Books I've Loved in 2013

10. Fire of the Covenant by Peter Cruikshank
I might be a little biased on this one.  Peter is in my writing group, and I had the pleasure of beta reading this novel.  Watching it shape from its early draft into this completed work has been an awesome process.  It's Twelfth Night meets epic fantasy, complete with high stakes and dragons.






9. Duplex by Kathryn Davis
This is a weird, weird book.  Wizards, tiny robots, heartbreak.  It's literary fiction with a fantasy twist.  I really enjoyed it though, it was like nothing I've ever read.  It has a self awareness that I've noticed in a lot of books lately.  It's lovely, simply lovely.







8. Daughter of the Forest by Juliet Marillier
 This one is actually a reread for me, but it makes the list nonetheless.  I love, love this book.  It takes a well known fairy tale and adds depth and history to it.  This entire series is so wonderful, I can't recommend it enough.  There are so many complex elements to it, I can't do it justice in just one post.  Just go read it!






7. One by Leigh Ann Kopans
Lord, do I love this book.  I made an effort this year to read some of the books written by my twitter friends.  This has been my favorite so far.  I highly, highly recommend reading about her publishing journey.  She's an indie author done right.  This story is well-written with intriguing characters, a driven plot, and beautiful writing.  Read this.  Read this now.




6. On Writing by Stephen King
This isn't a fiction book, it was incredibly none the less.  I cut my teeth on King books and reading about his process and life was incredibly inspiring.  I'd heard about no adverbs before, but I didn't actually GET it until King demonstrated it in his own writing.  If you want an excellent book on craft, this is it.






5. The Great Hunt by Robert Jordan
I've been meaning to read Robert Jordan for 10+ years.  I tried when I was younger, but couldn't get past the 300 or so pages in the Eye of the World describing a town I have yet to return to in the other books.  I've been listening to them, which has made the over wordiness and ly adverbs and constant repetition of characterizations (braid tugging, yo) less annoying.  As a whole, the story is a pleasure.  This one has been my favorite so far.  



4. Legion by Brandon Sanderson (and Emperor's Soul)
 If you've ever spent more than five minutes talking books with me, you'll know that I have a slight Sanderson obsession.  And by slight I mean fangirl squeeing stalkerishness.  Originally I was just going to talk about Legion, but since Amazon sells the two of them together I thought I would as well.  Legion is a brilliant novella in a very different style from what I've read of Sanderson.  It's fun and fast and out of the magical realms Sanderson usually writes in.  Emperor's Soul, on the other hand, is set in a magical world.  The magic system is intriguing, the writing lovely, and the story fast and fabulous.  I really hope I see more novellas out by Brandon,  not only because I freaking LOVE him, but because it allows me, as a reader, to explore in other genres.
  
3. Partials by Dan Wells
When Dan tweeted that Partials was on sale on kindle, I couldn't help myself.  Having heard about the writing process on Writing Excuses I went in with eyes open and slightly jaded with the inundation of YA dystopian novels.  Folks, this one does it best.  It's well researched, driven, and just an excellent piece of literature.  It's clear that Dan did his footwork while writing this, and it lacks the glaring plot holes of the Hungervergentium novels.  I liked it so much, I spent $12 dollars for the kindle version of the sequel so I could read it immediately.  Yeah, it was that good.
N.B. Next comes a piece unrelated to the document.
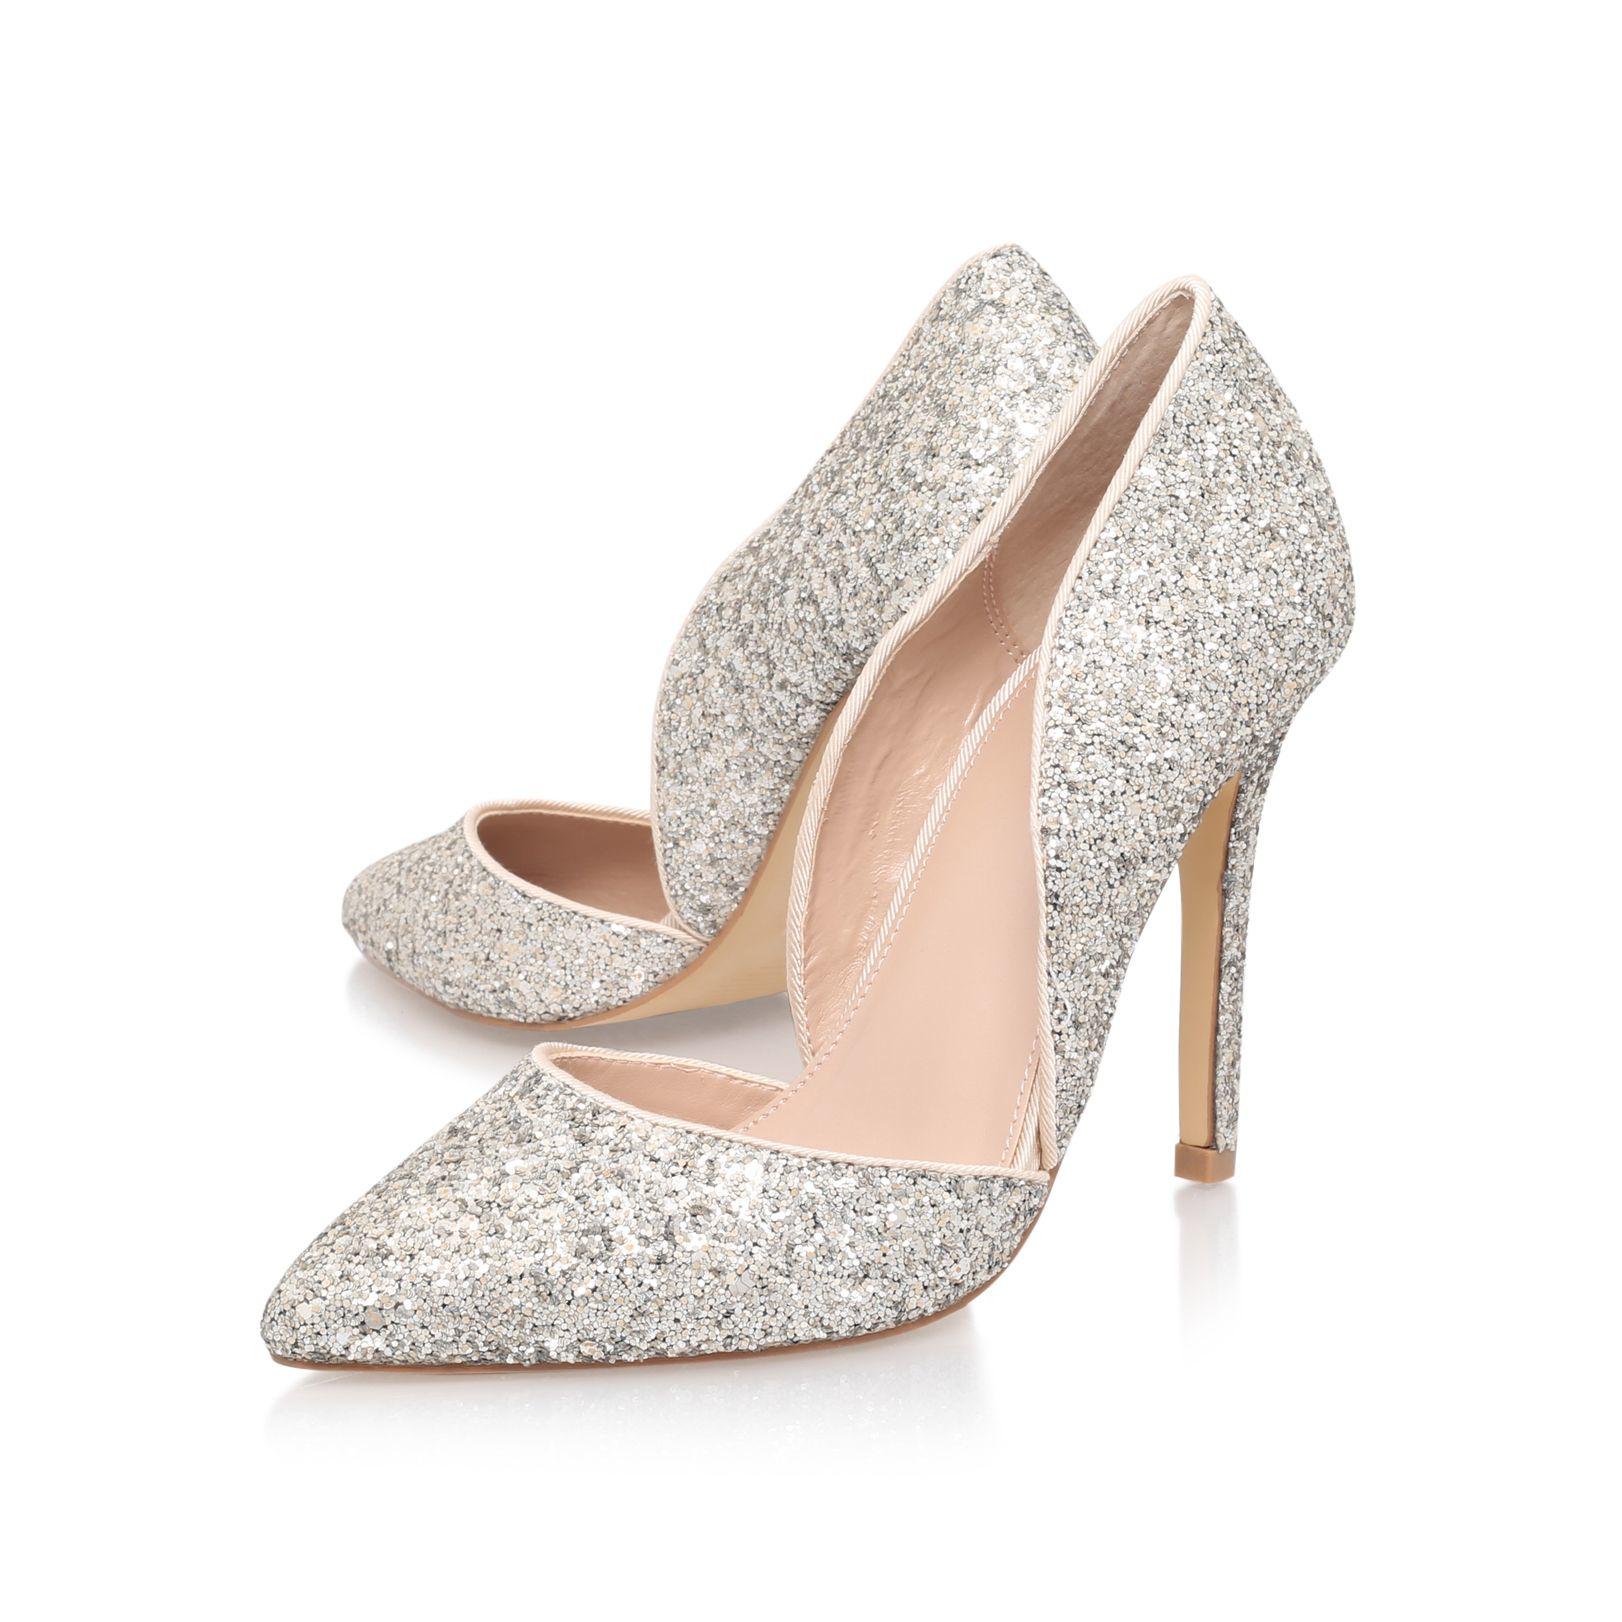 carvela kurt geiger lexi high heel court shoes in metallic lyst. Black Bedroom Furniture Sets. Home Design Ideas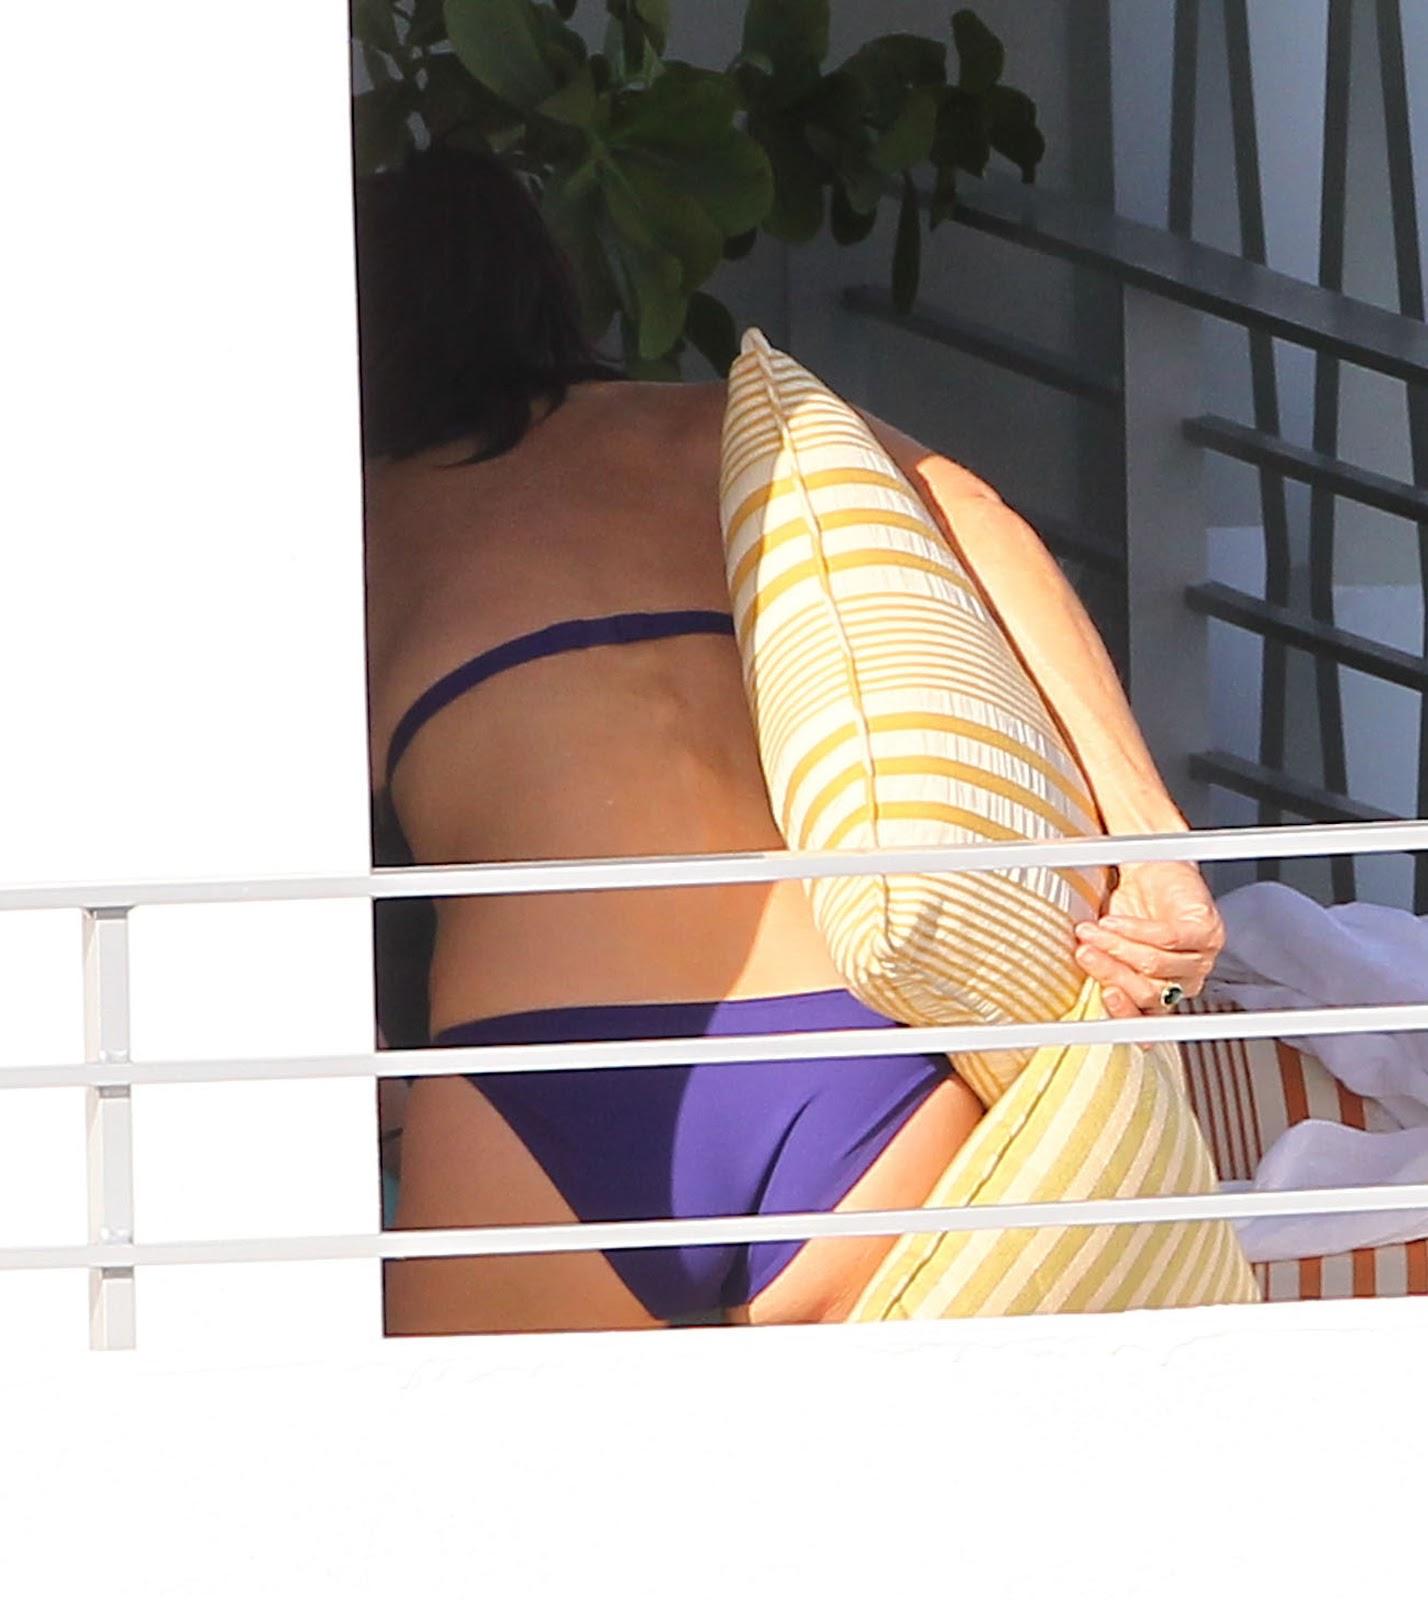 http://1.bp.blogspot.com/-PHbYNquMhZ4/UK38C1f9-GI/AAAAAAAAOfk/kd0mgXB_Wt0/s1600/courteney_cox_bikini_2012_4.jpg

2. Daughter of Smoke and Bone by Laini Taylor
This book was actually recommended by Mary Robinette Kowal via twitter.  I listened to this one as well and really enjoyed it.  It subverted a lot of tropes (though it was definitely a slow build) and I loved the MC. On top of an intriguing unfold, her sentences are luxurious and gorgeous.  Worth a read!





1. Shades of Milk and Honey by Mary Robinette Kowal
As a rabid fan of Writing Excuses, I've been going through and reading everything that the authors have written.  I've read several of Mary's short stories, but nothing compares to her completed work.  Jane Austen with magic and excellently done.  I actually listened to it with audible, but now need to own all of her books so that I can have her sign them.  The sequel is even better (Glamour in Glass) but I haven't finished it yet so I can't count it.  READ THIS BOOK.  And bonus?  Our second son is named for Mr. Vincent.




In the interest of full disclosure, this post contains affiliate links.  That means if you buy one of the books by clicking on the links in the pictures, I get a handful of pennies which help fund the buying of MORE books.  Click or don't click, you should still read these books!